Primeira cientista da família e com muitas pesquisas pela frente

Aos 14 anos, Bárbara Viveiros, também pesquisadora do ISI em Química Verde, tinha o desejo de seguir carreira na administração. Na mesma época, teve contato com a disciplina da química e foi lá que  surgiu o fascínio por entender como funcionam os fenômenos e processos ao nosso redor. Fez um curso na área e hoje é graduada, mestre e doutoranda em química, além de especialista em tecnologias industriais farmacêuticas. 
 
Primeira cientista da família, ela ressalta como os parentes demoraram para entender sua paixão. “Foi algo realmente muito novo, tanto para mim quanto para minha família. A minha mãe, no meu primeiro ano de curso técnico, falou ‘olha, se você não gostar, você pode desistir a qualquer momento’. Depois de um ano, ela questionou ‘tem certeza ainda?’”, lembra a pesquisadora.

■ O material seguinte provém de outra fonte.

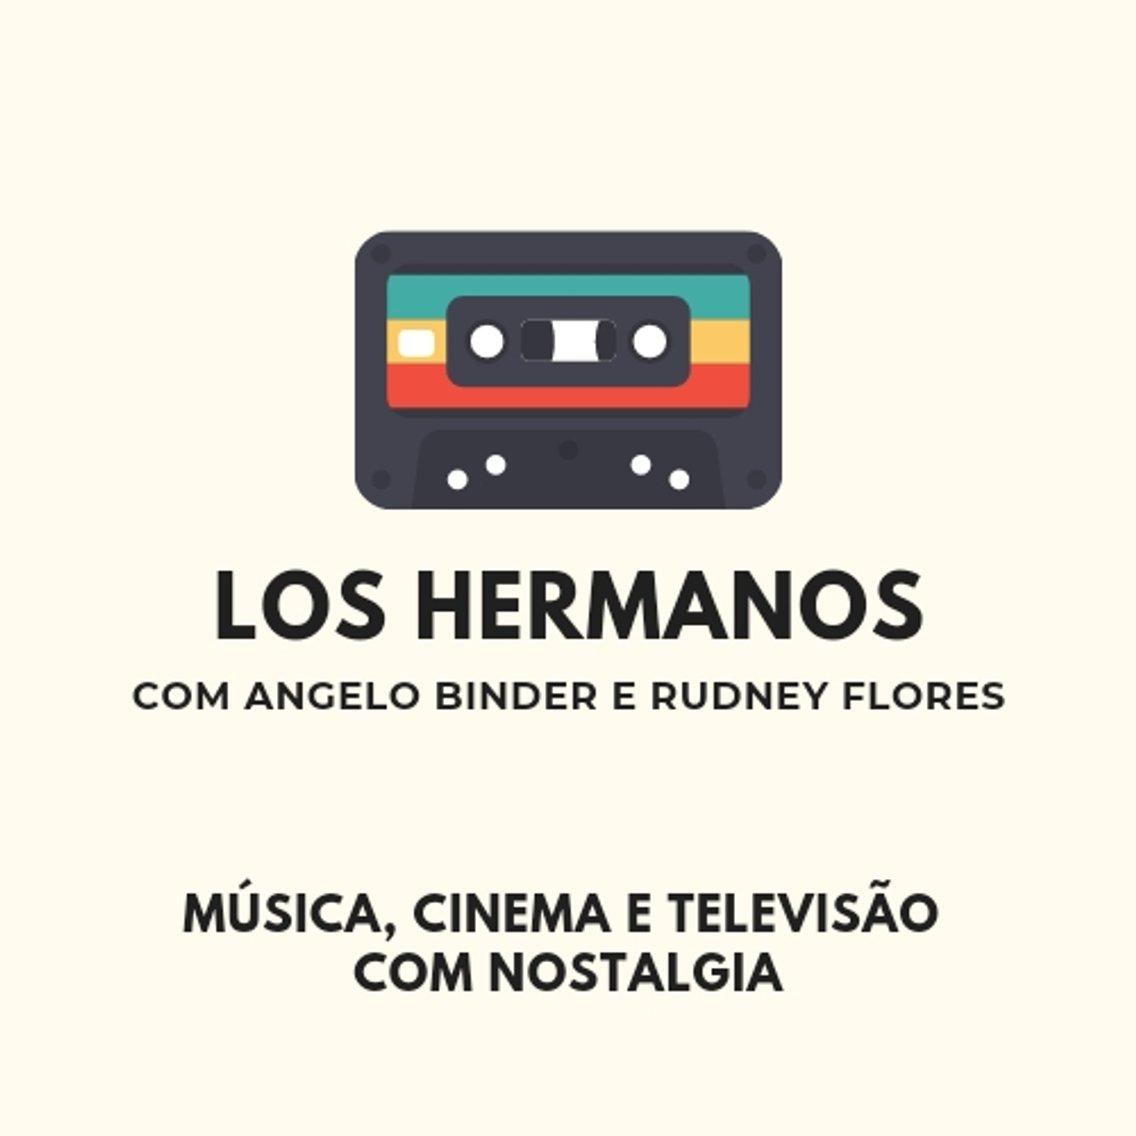 Los Hermanos - Cover Image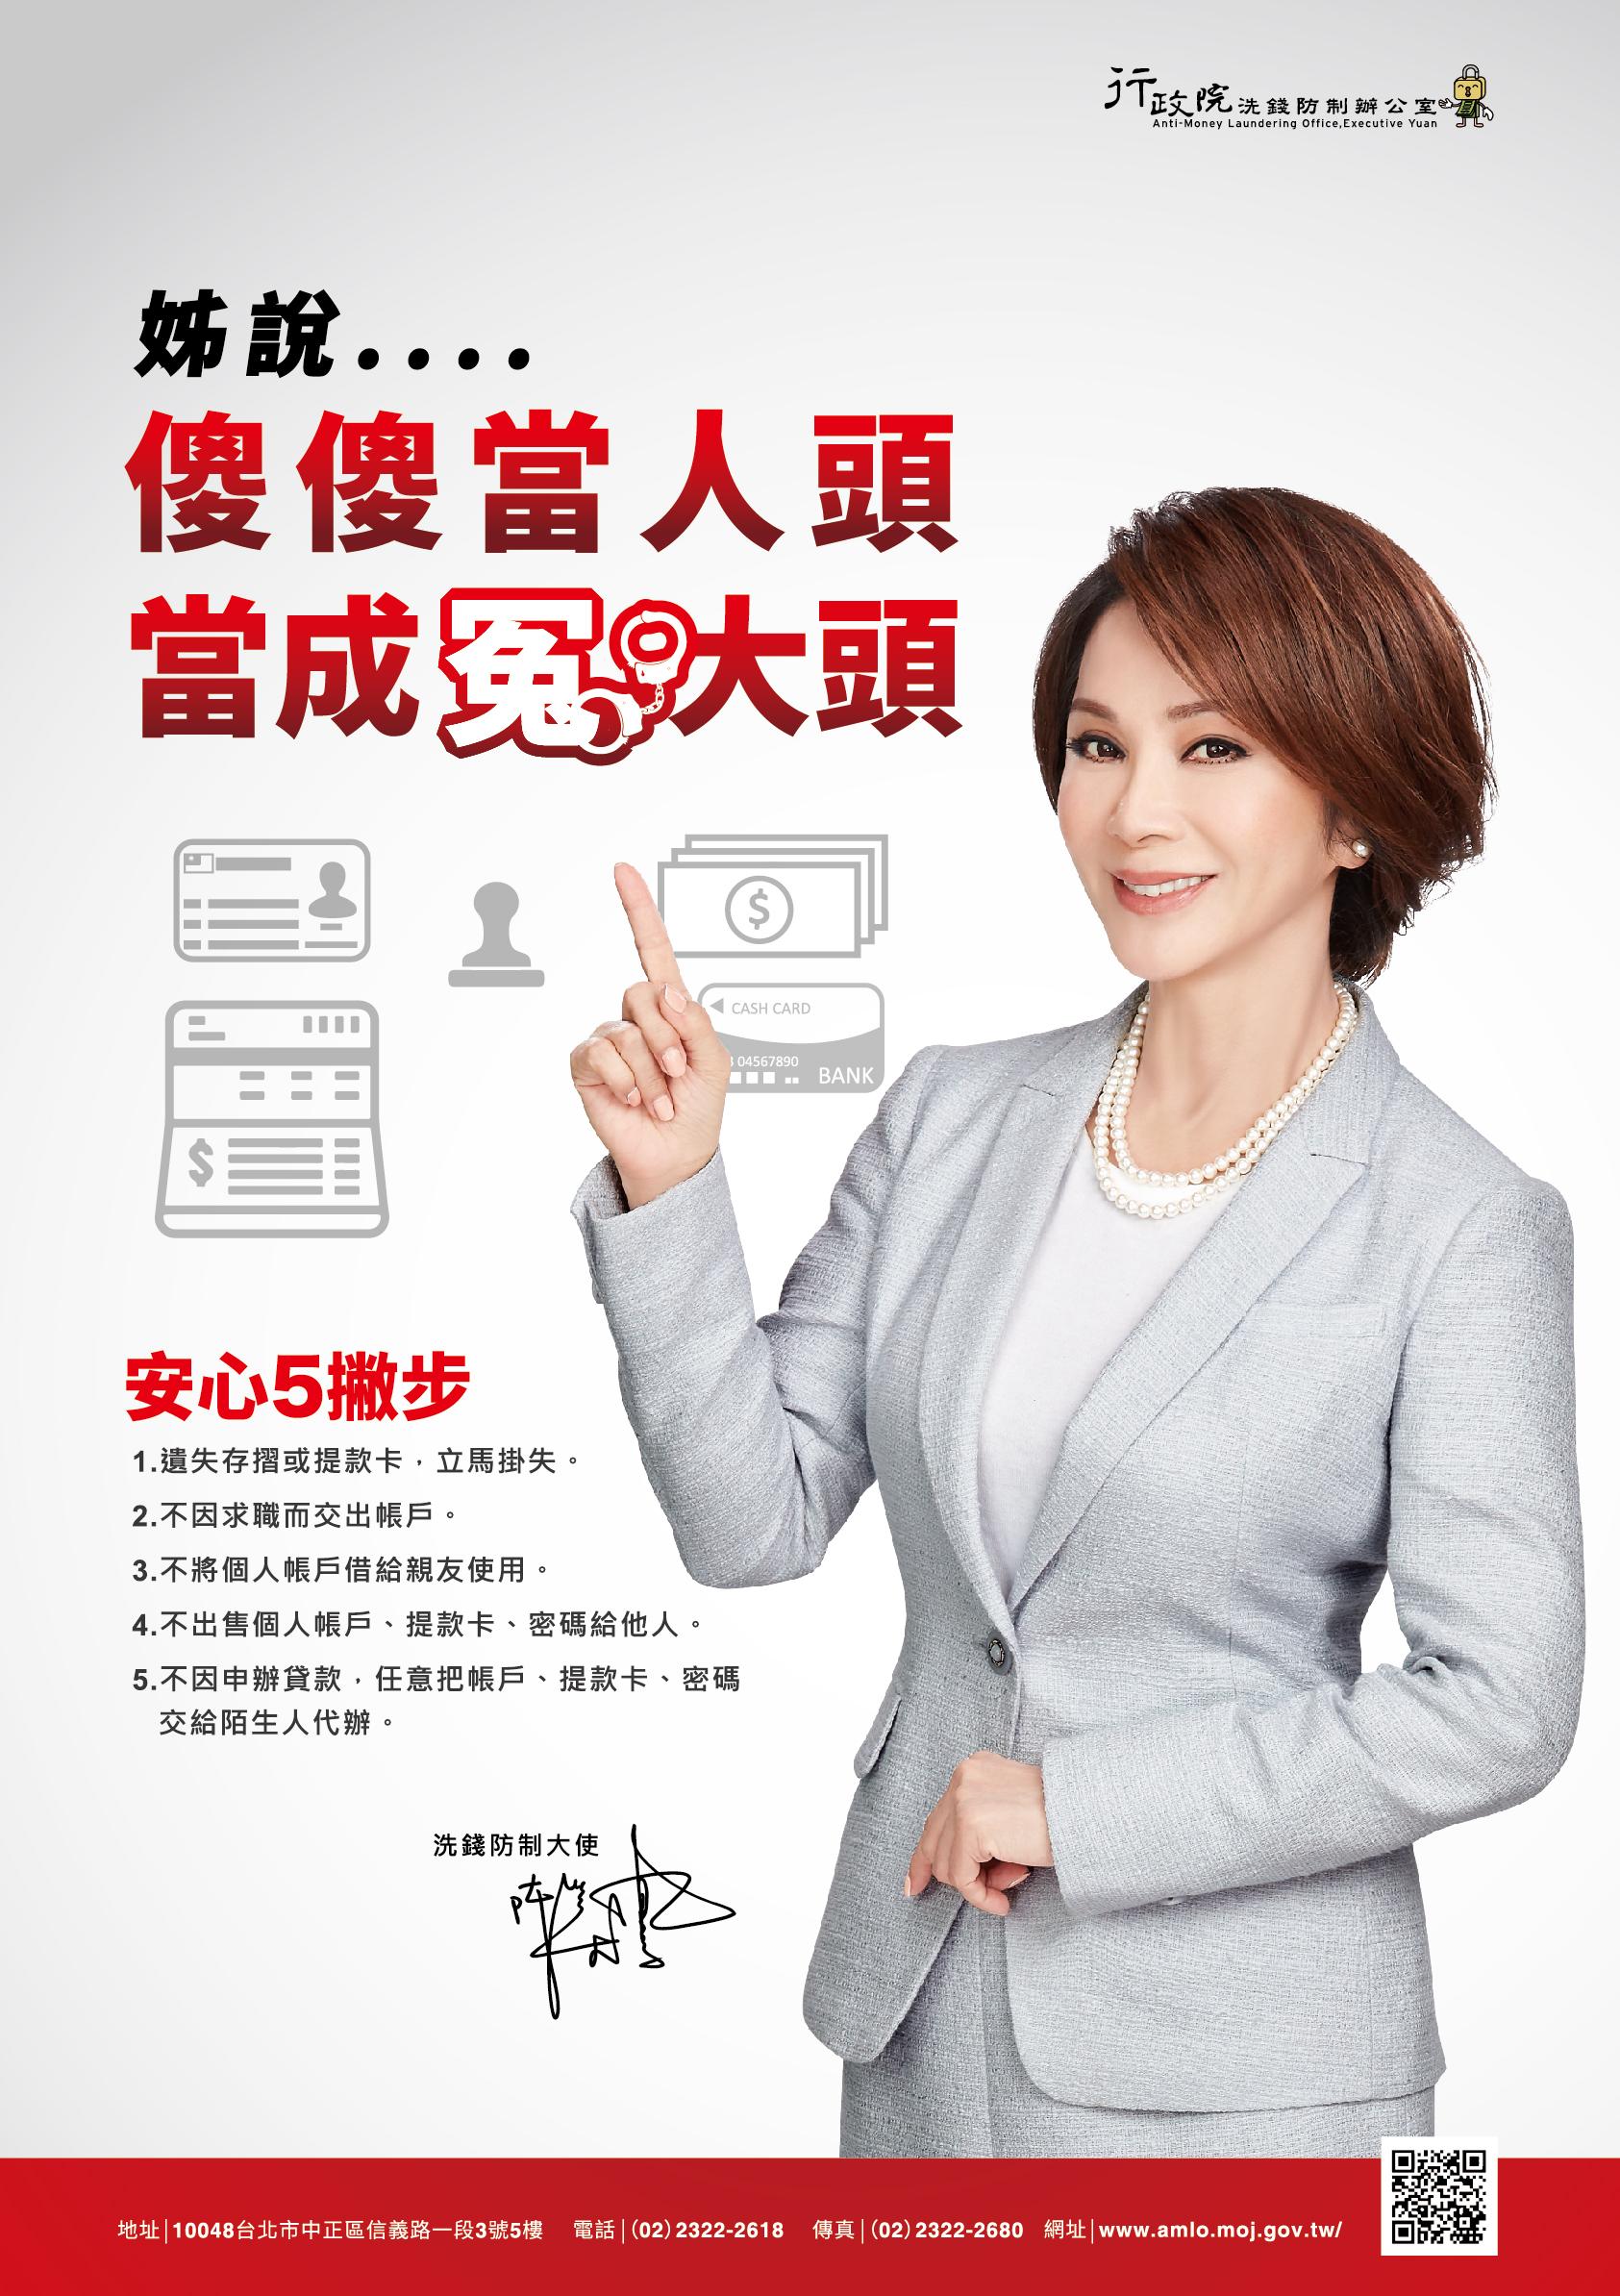 洗錢防制法宣導海報3

Hoje, com 10 anos de formações acadêmicas e experiências profissionais, a família enxerga a escolha de Bárbara de outra forma. “Meus familiares, especialmente minha mãe, sentem orgulho ao me ver dedicada aos estudos e alcançando meus objetivos. Sinto uma imensa gratidão por todo o apoio que meus pais me deram para chegar até aqui e fico extremamente feliz por poder compartilhar cada conquista com eles”, conta com entusiasmo, e acrescenta que esse é só o começo, pois pretende “estar idosa e ainda trabalhar com pesquisa”. 

Mulher branca com crachá sentada em laboratório
“Muitas vezes, as alunas são incentivadas aos cuidados, ou às áreas de estética, cosméticos e enfermagem, mas não às áreas de pesquisa, como engenharia ou química”, afirma Bárbara Viveiros

Em 2021, quando pretendia iniciar o doutorado, Bárbara decidiu que o próximo diploma iria esperar mais um pouco. O foco dela seria direcionado para os projetos do novo cargo como técnica em serviços tecnológicos no ISI em Química Verde. “A vaga me chamou muito a atenção por oferecer a possibilidade de atuar com pesquisa aplicada. No meio acadêmico, eu não via a aplicação real daquilo que estava constituindo. Como era exatamente isso que eu queria, eu decidi aproveitar essa oportunidade”, explica a cientista. 
 
Como pesquisadora do ISI, Bárbara colabora em projetos voltados para a exploração consciente de recursos da biodiversidade brasileira, os quais podem ser empregados em novas formulações de medicamentos ou cosméticos. Além disso, a cientista atua no desenvolvimento de metodologias que visam à identificação e quantificação de diferentes compostos químicos. 

Ao mesmo tempo, Bruna se dedica ao doutorado voltado para seleção, obtenção e avaliação farmacológica de potenciais inibidores para o tratamento de doenças cardiovasculares. 

Desde a graduação, quando participou de um projeto de extensão para incentivar meninas a seguirem carreira na química, a pesquisadora enxerga a presença feminina na área das ciências como um ponto que precisa de atenção. “Muitas vezes, as alunas são incentivadas aos cuidados, ou às áreas de estética, cosméticos e enfermagem, mas não às áreas de pesquisa, como engenharia ou química”, afirma.

Para Bárbara, esse cenário deve mudar, porque “com mais mulheres ocupando lugares de destaque no campo das ciências, elas poderão contribuir significativamente para o avanço de diversas áreas de pesquisa, inclusive na área da química”.